Increased DC trafficking to lymph nodes and contact hypersensitivity in junctional adhesion molecule-A–deficient mice
J. Clin. Invest. Maria Rosaria Cera, et al. 114:729 doi:10.1172/JCI21231 [Go to this article.]

Figure 2
Histological analysis of Jam-A ^–/– and endothelial Jam-A ^–/– mice. (A) Immunofluorescence staining of serial cryosections of Jam-A^+/+, Jam-A ^–/–, and endothelial Jam-A ^–/– (Tie-2 Cre Jam-A ^–/–) kidneys using anti-PECAM and anti–JAM-A (BV12) Ab’s. All sections show positive staining for PECAM (both controls and mutants), while JAM-A staining is undetectable in all type of tissues in Jam-A ^–/– mice. Note that endothelial cells from Tie-2 Cre Jam-A ^–/– animals are negative for JAM-A staining (arrow). The arrowheads indicate that JAM-A staining on the epithelium of the tubuli is still detectable. Staining is weaker compared with Jam-A^+/+ mice since the peritubular capillaries are negative. Scale bar: 200 μm. (B) Immunostaining of serial cryosections of aorta from Jam-A^+/+ and Tie-2 Cre Jam-A ^–/– mice, using anti-PECAM and anti–JAM-A (BV12) Ab’s. Vascular endothelial JAM-A is undetectable in Tie-2 Cre Jam-A ^–/– aorta.

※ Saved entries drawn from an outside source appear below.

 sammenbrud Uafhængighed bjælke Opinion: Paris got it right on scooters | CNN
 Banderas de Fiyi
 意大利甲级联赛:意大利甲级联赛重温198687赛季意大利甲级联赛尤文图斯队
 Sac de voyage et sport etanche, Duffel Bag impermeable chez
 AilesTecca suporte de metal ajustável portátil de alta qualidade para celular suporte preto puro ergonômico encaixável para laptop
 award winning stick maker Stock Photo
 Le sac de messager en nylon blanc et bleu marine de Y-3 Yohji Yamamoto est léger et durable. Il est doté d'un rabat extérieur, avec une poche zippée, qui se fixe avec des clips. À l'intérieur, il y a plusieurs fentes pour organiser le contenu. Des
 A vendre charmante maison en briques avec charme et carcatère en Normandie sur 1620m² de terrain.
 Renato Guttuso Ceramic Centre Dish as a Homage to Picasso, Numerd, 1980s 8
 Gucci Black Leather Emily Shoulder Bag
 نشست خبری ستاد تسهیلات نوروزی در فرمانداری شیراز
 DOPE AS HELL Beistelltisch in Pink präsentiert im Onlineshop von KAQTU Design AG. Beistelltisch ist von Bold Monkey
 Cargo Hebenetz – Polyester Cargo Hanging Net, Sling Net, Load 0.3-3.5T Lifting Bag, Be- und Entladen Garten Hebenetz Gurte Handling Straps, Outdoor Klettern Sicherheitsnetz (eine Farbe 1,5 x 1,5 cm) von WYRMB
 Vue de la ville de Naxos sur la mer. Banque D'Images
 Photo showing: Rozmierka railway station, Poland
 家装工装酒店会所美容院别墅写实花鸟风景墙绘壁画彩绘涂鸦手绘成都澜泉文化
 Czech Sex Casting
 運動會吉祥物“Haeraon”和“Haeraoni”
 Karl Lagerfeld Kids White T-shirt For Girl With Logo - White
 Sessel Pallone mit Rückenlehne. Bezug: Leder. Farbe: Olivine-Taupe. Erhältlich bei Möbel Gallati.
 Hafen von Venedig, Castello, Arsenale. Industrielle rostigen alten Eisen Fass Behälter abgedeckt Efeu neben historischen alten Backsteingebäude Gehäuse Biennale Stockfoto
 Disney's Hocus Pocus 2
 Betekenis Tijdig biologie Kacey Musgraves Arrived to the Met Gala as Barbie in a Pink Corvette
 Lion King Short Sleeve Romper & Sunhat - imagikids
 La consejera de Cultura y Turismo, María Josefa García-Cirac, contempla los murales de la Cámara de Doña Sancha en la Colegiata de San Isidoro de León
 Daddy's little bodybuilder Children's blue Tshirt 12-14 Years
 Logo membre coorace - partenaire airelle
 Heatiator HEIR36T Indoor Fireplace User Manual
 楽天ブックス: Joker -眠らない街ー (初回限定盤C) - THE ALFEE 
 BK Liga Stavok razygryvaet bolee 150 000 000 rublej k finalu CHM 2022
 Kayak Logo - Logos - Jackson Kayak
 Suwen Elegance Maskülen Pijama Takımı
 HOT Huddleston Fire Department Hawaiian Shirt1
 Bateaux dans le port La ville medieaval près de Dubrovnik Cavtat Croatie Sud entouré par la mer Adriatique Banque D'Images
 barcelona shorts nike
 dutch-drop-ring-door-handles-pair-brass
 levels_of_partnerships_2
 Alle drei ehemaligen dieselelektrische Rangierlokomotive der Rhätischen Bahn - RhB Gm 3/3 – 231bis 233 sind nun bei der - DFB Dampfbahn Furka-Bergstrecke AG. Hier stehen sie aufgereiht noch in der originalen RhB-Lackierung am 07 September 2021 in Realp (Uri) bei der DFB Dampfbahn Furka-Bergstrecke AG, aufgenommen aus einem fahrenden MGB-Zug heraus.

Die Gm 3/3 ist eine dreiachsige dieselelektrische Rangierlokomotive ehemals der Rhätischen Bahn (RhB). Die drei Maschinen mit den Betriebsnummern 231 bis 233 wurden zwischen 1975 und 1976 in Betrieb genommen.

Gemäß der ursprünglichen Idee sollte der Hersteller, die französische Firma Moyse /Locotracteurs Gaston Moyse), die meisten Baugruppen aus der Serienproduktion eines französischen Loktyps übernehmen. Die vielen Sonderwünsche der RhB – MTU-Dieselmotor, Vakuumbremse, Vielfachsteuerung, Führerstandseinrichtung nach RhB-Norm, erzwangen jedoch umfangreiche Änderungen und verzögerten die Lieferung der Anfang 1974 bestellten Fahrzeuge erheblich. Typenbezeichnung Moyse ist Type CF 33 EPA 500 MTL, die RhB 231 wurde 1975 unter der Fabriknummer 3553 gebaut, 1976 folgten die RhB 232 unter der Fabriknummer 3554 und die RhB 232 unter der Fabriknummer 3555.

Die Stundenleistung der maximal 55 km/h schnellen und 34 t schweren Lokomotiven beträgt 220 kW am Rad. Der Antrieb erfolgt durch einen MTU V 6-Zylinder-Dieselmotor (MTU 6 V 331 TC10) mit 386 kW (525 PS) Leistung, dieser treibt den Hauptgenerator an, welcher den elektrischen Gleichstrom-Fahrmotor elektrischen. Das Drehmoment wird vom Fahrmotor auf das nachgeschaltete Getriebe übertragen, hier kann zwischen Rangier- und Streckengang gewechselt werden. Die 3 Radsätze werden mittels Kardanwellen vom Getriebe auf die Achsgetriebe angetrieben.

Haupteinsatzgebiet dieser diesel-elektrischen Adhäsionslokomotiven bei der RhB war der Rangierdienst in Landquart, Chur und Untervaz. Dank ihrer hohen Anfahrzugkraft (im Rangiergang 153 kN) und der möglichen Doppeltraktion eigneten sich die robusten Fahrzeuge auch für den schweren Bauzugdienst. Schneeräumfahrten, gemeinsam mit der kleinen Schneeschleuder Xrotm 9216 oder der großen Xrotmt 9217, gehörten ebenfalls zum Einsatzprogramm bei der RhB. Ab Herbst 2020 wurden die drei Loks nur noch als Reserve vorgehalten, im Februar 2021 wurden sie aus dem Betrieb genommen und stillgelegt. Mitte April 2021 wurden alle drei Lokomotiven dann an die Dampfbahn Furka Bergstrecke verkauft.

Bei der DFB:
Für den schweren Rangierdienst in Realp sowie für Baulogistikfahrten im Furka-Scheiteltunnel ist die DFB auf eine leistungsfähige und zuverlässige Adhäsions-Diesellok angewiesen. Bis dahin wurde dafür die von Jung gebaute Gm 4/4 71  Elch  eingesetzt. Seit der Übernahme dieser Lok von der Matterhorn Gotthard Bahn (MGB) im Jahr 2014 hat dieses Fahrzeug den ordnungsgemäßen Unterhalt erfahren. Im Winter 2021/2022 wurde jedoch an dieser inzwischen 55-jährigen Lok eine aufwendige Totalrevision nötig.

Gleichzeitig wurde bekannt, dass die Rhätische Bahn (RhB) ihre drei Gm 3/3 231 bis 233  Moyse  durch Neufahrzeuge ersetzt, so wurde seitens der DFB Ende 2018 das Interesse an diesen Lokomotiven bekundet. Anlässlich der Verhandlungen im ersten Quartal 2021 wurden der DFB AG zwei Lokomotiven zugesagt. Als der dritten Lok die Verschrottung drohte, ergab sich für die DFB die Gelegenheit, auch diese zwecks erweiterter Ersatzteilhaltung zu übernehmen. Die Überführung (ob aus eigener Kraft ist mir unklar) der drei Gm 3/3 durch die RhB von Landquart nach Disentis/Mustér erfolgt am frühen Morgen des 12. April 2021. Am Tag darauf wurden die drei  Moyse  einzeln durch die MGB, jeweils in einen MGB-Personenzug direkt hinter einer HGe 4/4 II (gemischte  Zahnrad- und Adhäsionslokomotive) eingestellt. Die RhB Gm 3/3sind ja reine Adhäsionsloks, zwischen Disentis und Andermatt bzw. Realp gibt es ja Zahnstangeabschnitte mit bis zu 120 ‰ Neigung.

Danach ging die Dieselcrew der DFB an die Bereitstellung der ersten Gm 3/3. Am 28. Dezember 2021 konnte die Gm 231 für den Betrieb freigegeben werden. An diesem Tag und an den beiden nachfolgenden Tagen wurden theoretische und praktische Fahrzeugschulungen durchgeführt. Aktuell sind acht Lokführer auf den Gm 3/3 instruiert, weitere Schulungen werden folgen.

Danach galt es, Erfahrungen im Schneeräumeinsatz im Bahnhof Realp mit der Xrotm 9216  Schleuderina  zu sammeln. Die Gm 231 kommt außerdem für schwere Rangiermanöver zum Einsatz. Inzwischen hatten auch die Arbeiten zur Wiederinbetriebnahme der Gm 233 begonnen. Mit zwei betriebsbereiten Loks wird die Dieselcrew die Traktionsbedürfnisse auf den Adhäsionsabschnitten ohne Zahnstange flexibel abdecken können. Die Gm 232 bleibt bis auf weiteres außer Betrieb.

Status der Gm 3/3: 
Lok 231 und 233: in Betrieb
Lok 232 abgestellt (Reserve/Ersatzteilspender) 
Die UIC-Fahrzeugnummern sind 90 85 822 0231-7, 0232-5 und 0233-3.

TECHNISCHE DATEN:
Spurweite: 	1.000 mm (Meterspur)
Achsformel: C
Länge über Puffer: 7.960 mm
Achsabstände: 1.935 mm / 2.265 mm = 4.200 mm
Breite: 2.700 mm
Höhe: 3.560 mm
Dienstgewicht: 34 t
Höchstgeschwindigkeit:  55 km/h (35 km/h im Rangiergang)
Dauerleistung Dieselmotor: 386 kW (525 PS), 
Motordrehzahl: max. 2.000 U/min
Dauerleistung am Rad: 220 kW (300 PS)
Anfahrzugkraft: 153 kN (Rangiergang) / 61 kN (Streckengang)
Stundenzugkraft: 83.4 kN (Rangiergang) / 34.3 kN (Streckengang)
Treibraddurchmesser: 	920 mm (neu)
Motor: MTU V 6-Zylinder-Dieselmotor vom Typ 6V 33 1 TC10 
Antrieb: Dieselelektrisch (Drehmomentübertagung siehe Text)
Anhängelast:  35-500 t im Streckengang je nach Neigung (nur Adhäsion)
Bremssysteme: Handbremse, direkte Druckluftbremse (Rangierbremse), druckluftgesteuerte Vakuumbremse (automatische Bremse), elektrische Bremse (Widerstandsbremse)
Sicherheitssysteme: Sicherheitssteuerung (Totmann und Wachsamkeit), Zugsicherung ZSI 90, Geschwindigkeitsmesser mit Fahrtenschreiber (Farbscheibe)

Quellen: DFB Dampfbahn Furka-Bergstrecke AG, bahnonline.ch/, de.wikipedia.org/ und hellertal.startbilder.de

Scale bar: 200 μm. (C) Cryosections of Jam-A^+/+ and Tie-2 Cre Jam-A ^–/– lymph nodes were double stained for LYVE (in green), a marker of lymphatic endothelial cells, and for JAM-A (in red). In Jam-A^+/+ mice, the colocalization of JAM-A and LYVE is evident; this was not observed in Tie-2 Cre Jam-A ^–/– animals. Scale bar: 50 μm.